Facile fabrication of wafer-scale, micro-spacing and high-aspect-ratio silicon microwire arrays

One dimensional micro-/nanostructures of semiconductors are attracting increasing attention due to their large specific surface area, their high aspect ratio and their unique physical/chemical properties. However, fabrication of large-area, micro-spacing and high-aspect-ratio silicon microwire arrays (SiMWAs) is still challenging relative to the usual SiMWAs with submicro-/nanoscale spacing or a small aspect ratio. In this work, we combined metal assisted chemical etching (MACE) and photolithography to successfully prepare wafer-scale (2.5 × 2.5 cm2) SiMWAs, with 4 μm spacing which are over 70 μm long with unconventional etching conditions.
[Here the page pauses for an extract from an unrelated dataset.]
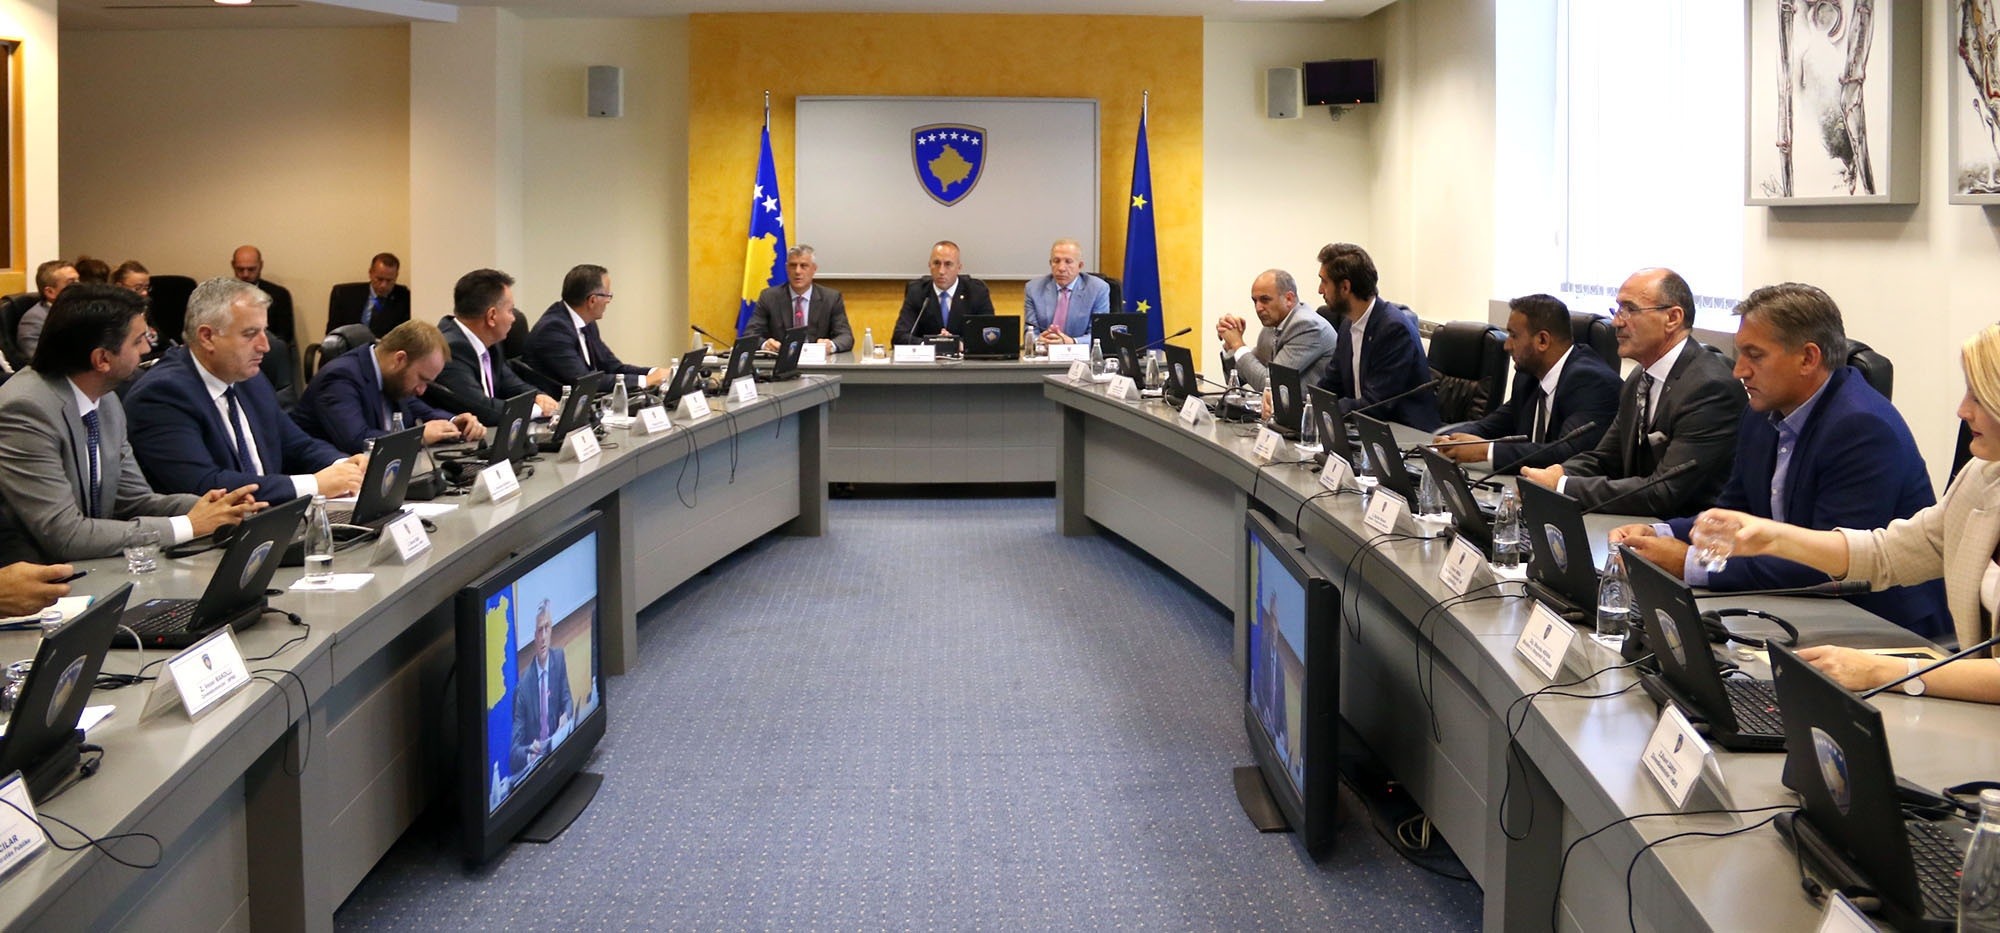 Presidenti Thaçi informon kabinetin qeveritar për procesin e dialogut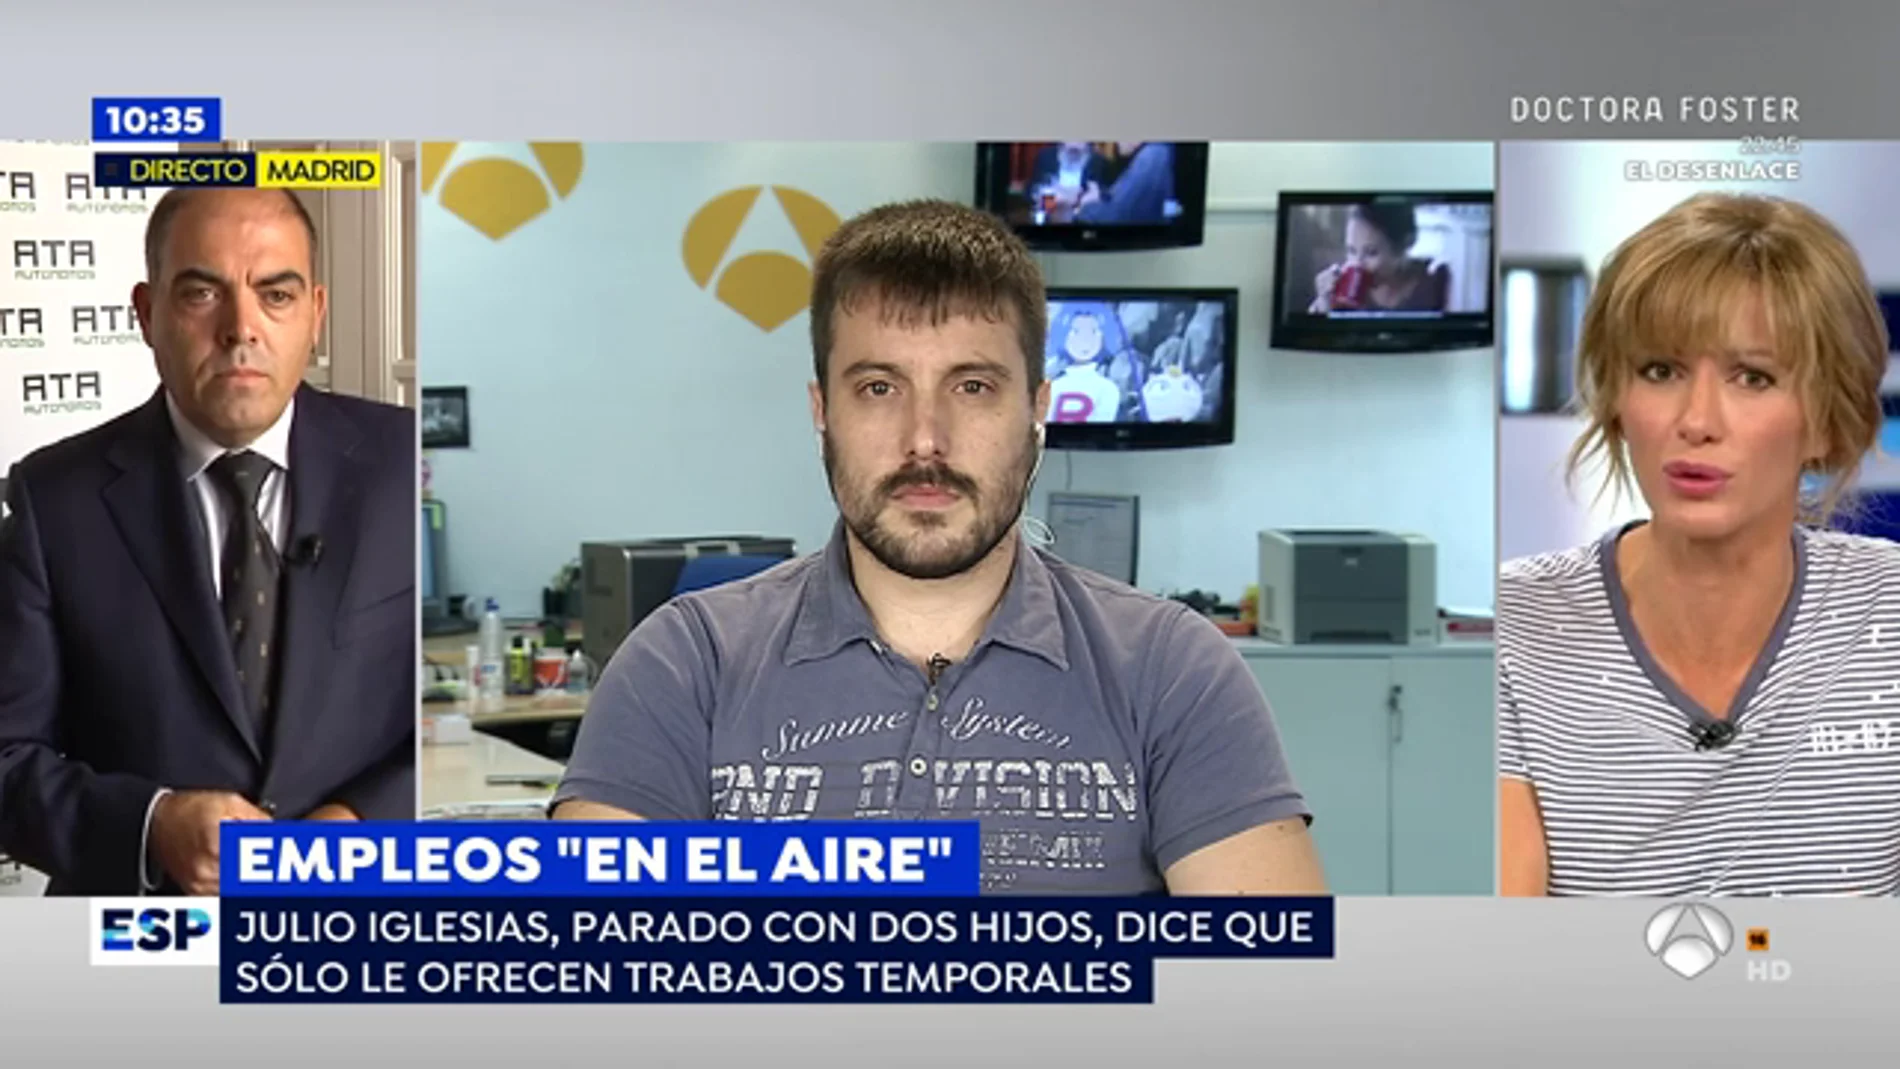 Julio Iglesias, persona afectada por los trabajos temporales: "Me duermo con preocupaciones porque no se cómo voy a terminar el mes"

We find that the key factor for achieving the desired SiMWAs is to keep the metal catalyst uniformly and steadily migrating into the substrate during the MACE for as long as possible. The most effective route to realizing this delicate control is a combination of a bilayered metal catalyst and low etching temperature (instead of the conventional room or higher temperature). Furthermore, metal migrations into the substrate are systematically investigated and the corresponding processes are categorized as various models. This work promotes an understanding of the MACE mechanisms and supplies guidelines for etching Si with a large lateral dimension.